CCND2, CTNNB1, DDX3X, GLI2, SMARCA4, MYC, MYCN, PTCH1, TP53, and MLL2 gene variants and risk of childhood medulloblastoma

Authors: Anna M. Dahlin, Mads V. Hollegaard, Carl Wibom, Ulrika Andersson, David M. Hougaard, Isabelle Deltour, Ulf Hjalmars, Beatrice Melin

Published in: Journal of Neuro-Oncology | Issue 1/2015

Abstract

Recent studies have described a number of genes that are frequently altered in medulloblastoma tumors and that have putative key roles in the development of the disease.

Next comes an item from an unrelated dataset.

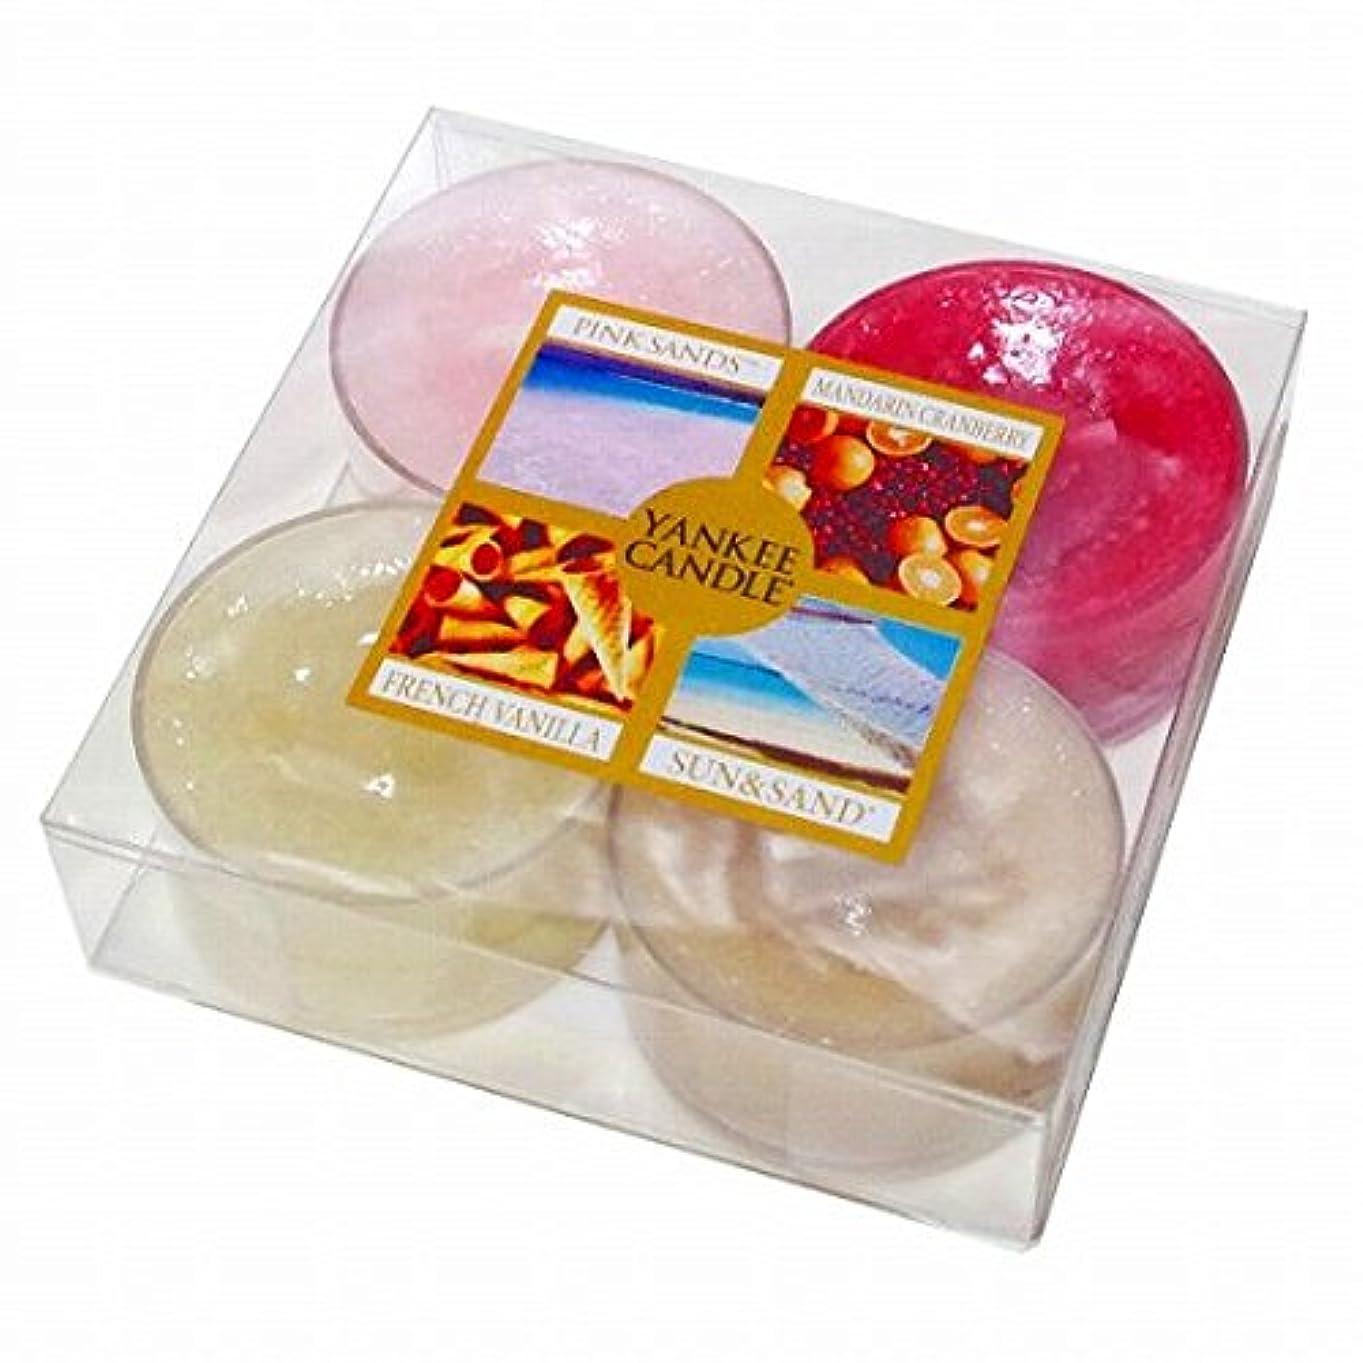 カメヤマキャンドル(kameyama candle) YANKEE CANDLE クリアカップティーライト4個入り アソート 「 スイート 」

We hypothesized that common germline genetic variations in these genes may be associated with medulloblastoma development. Based on recent publications, we selected 10 genes that were frequently altered in medulloblastoma: CCND2, CTNNB1, DDX3X, GLI2, SMARCA4, MYC, MYCN, PTCH1, TP53, and MLL2 (now renamed as KMT2D). Common genetic variants (single nucleotide polymorphisms) annotating these genes (n = 221) were genotyped in germline DNA (neonatal dried blood spot samples) from 243 childhood medulloblastoma cases and 247 control subjects from Sweden and Denmark. Eight genetic variants annotating three genes in the sonic hedgehog signaling pathway; CCND2, PTCH1, and GLI2, were found to be associated with the risk of medulloblastoma (P _combined < 0.05). The findings were however not statistically significant following correction for multiple testing by the very stringent Bonferroni method. The results do not support our hypothesis that common germline genetic variants in the ten studied genes are associated with the risk of developing medulloblastoma.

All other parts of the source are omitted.